Colombia is one of the leading countries in the world regarding regulations and rights at the end of life. Currently, there is legislation on access to palliative care, limitation of therapeutic effort, euthanasia, euthanasia in children and adolescents, conscientious objection for doctors, and medically assisted suicide is decriminalized. Meanwhile, the remaining Latin American countries are just beginning the discussion about dignified death. Among many reasons for this delay, one of them is that it begins with the most controversial of issues, euthanasia, instead of focusing on humanizing the end of life.
Although, etymologically, euthanasia means "good death," a good death does not mean euthanasia. The definition of a good death is complicated because it corresponds to an individual notion affected by culture, religion, society, and medical science 1. Due to the lack of definition, the tools available to estimate the quality of death and end-of-life care are still unreliable 2. One of the most recognized criteria to define a good death is the preference of the place to die of the patient, but this depends on factors of the individual, their family environment, the disease, the logistical possibilities of the health system, and the health team that accompanies the process 3. Some of these determinants can be modified, but not others. Health team care is the one with the greatest potential and, possibly, requires the most investment in education and organization.
For physicians, death is transforming from being a natural part of the human experience into a crisis of patient health from which they must be rescued 4. In addition, technology-based clinical training ensures that they are well qualified to prolong life and poorly prepared to confront death or discuss it with their patients. The problem is bigger than it seems because the conviction about reliance on hospital-based, technologized medicine at the end of life is applicable to them. Research in Canada found that physicians died more in intensive care units and used more palliative care than the general population, but there was no difference in the possibility of dying at home 5.
Bioethicist Howard Brody proposes that the problem of doctors when facing death has two parts: first, the overestimation of their capacities to save lives that he calls "the rescue fantasy"; and second, that doctors can also err by underestimating what medicine can do to relieve patients' distressing symptoms, and helping them until they die 4.

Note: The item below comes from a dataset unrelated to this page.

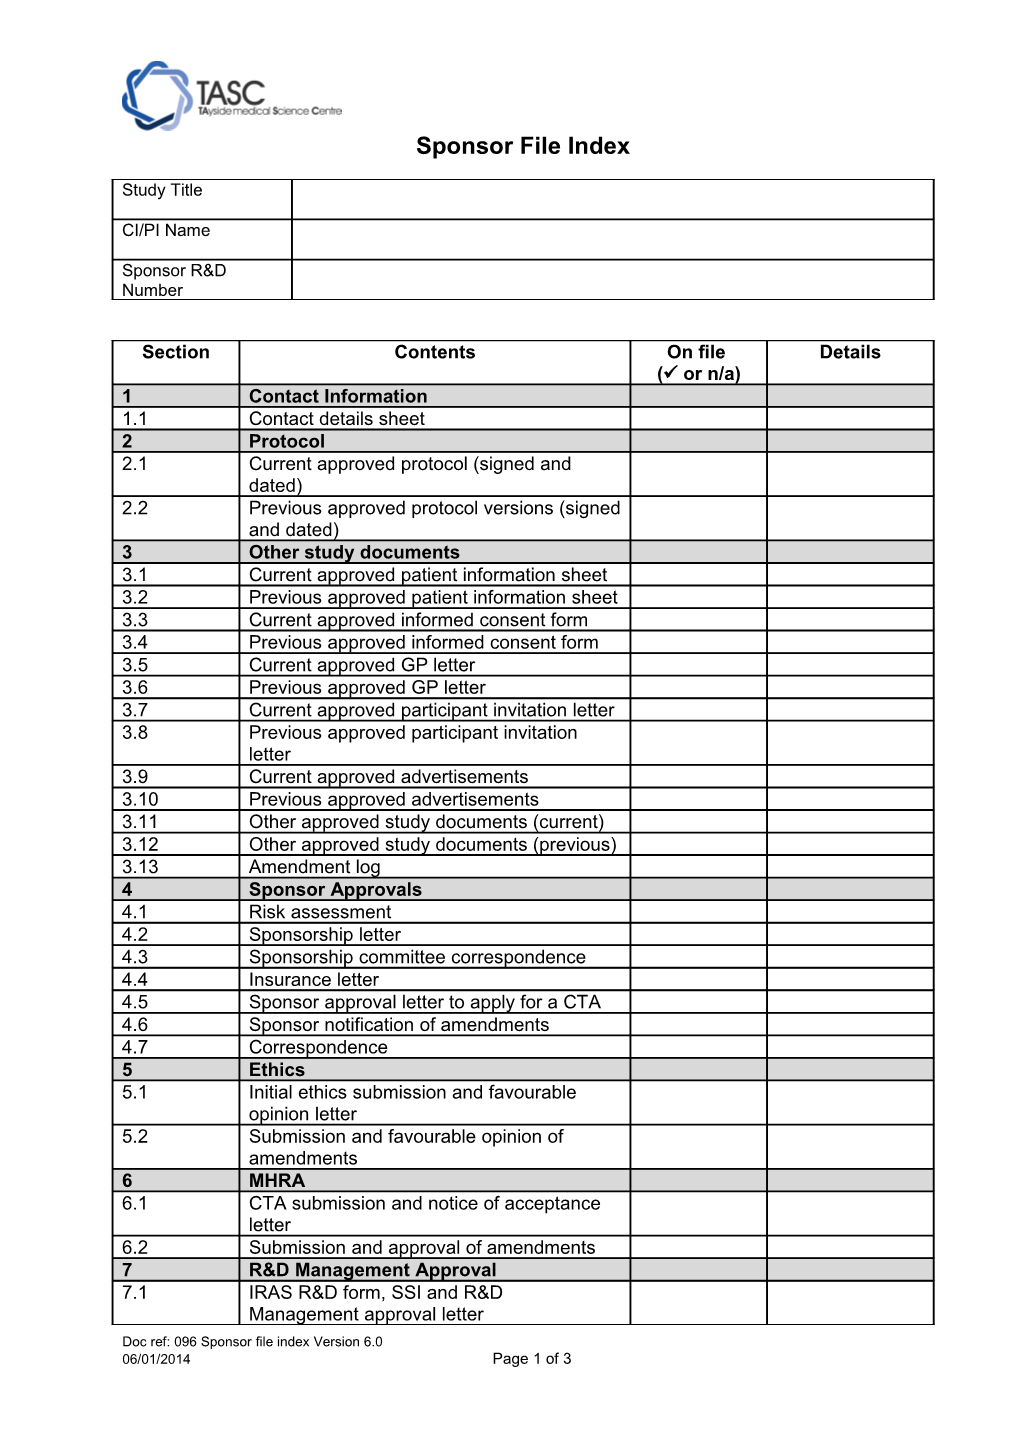 Sponsor File Checklist

Death is well defined, unequivocal and irreversible. It is one of the variables of epidemiology; and some health quantifiers have been derived from it, such as «mortality», «lethality», «excess deaths», or «avoidable deaths», which measure the quality of a system or strategy of health. With these indicators, important investments in research are justified to overcome death; paradoxically, the resources allocated to research and training in the acceptance of death (palliative care and the teaching of thanatology in medical schools) lag behind compared to other medical disciplines. Death attracts more research funds than suffering 6.

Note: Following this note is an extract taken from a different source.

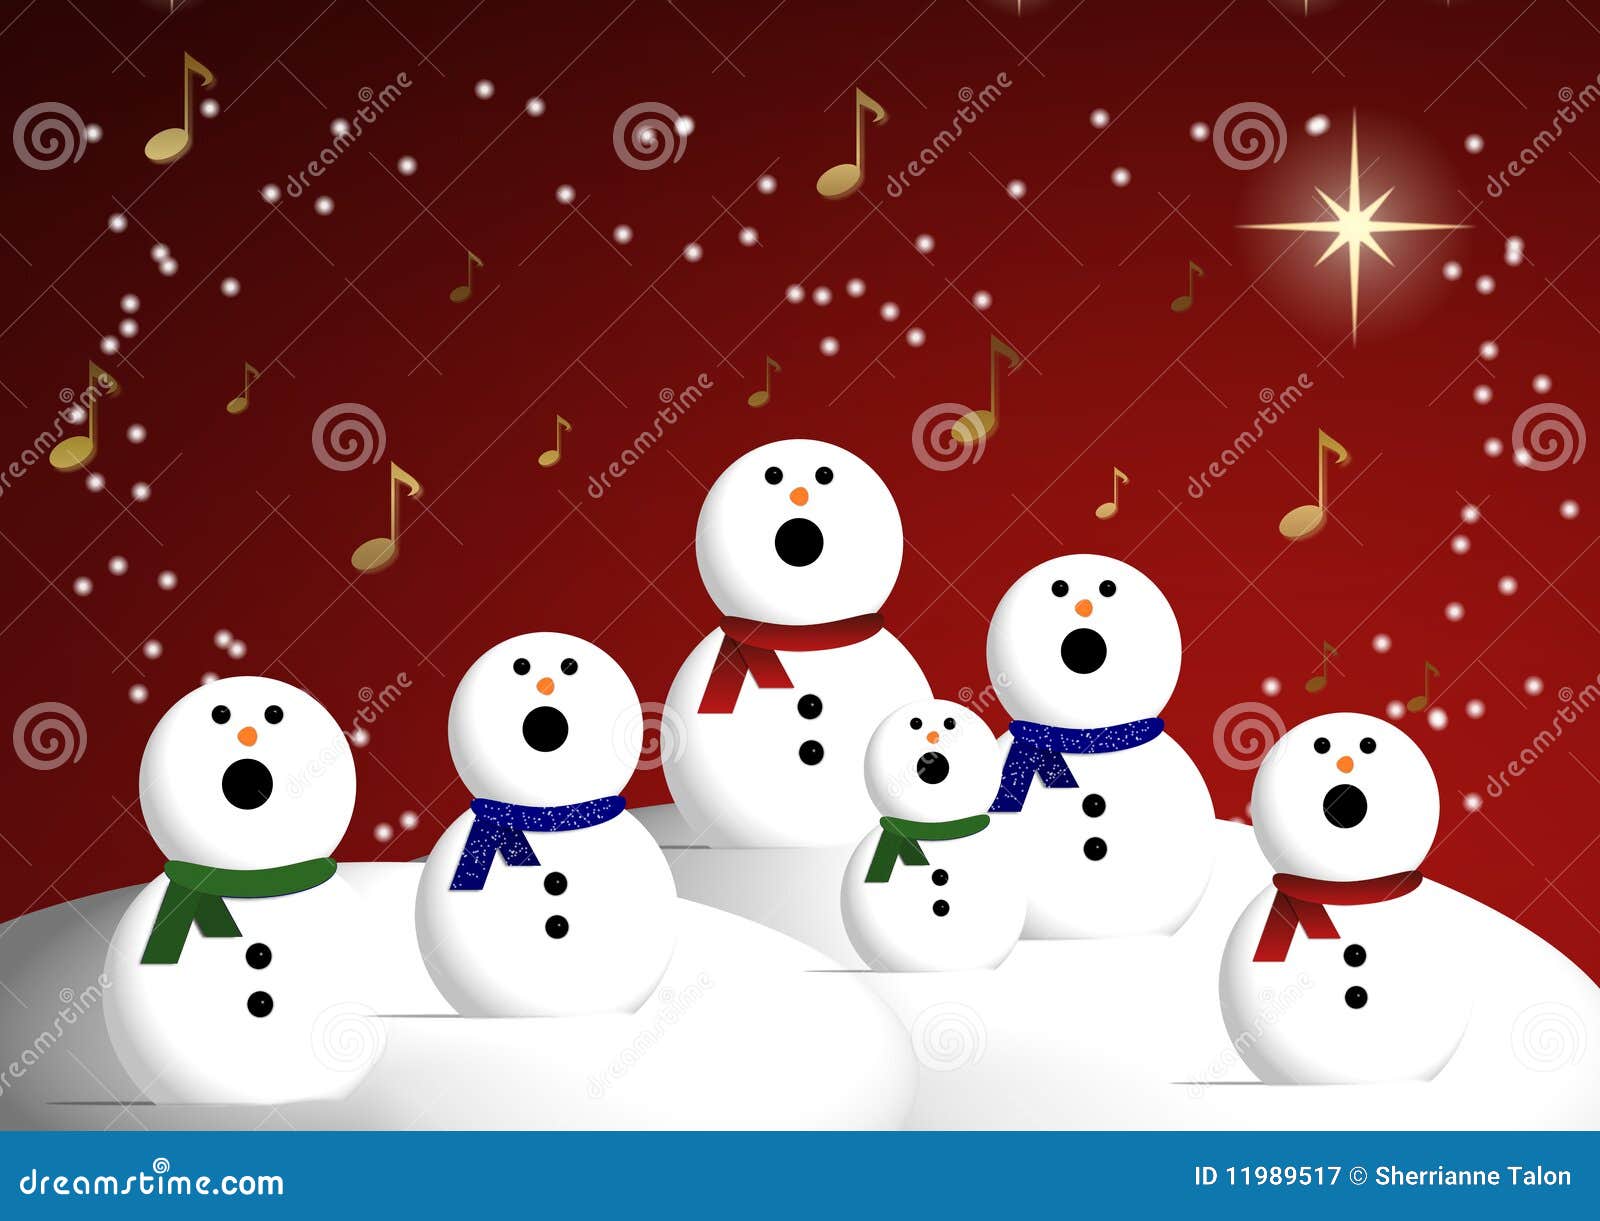 choir of snowmen

Due to fear, unpreparedness, or discomfort in that situation, physicians prefer not to engage in difficult end-of-life conversations with their patients, limiting themselves to instructions about resuscitation 7. As a result, it is established a false contract because the patients and their relatives believe that doctors have greater powers than they really have; and doctors, who are aware of their limitations, opt for trying unsuccessful, costly, and painful measures, clinging to the slim chances of providing more life 6.
Medical intervention protocols, which are useful tools in health systems, are more questionable at the end of life because the rational and standardized approach may end up being inappropriate, wasteful, and useless 8. For example, even the guidelines implemented in the United Kingdom for the care of dying patients have not shown better results than not using them 9. On the contrary, more personalized attention, with the support of the family and the community, can reduce the costs of attention during the last year of life, and especially during the last month 10,11.
Medical education in palliative care and end-of-life care is becoming increasingly necessary 12. It gives balance to the training of the physicians because it requires enhancing the autonomy of the patients; it requires communication skills that are also useful in other areas of medicine; it humanizes and brings the physicians closer to the patient and the family; and it is a good investment for health systems because it is profitable. For Colombia, it is urgent because the leadership of the discussion of the end of life of society, as well as the regulations achieved, will demand appropriate medical attention. For other Latin American countries, it may be the prologue to an obliged, essential, and unavoidable debate on dignified death.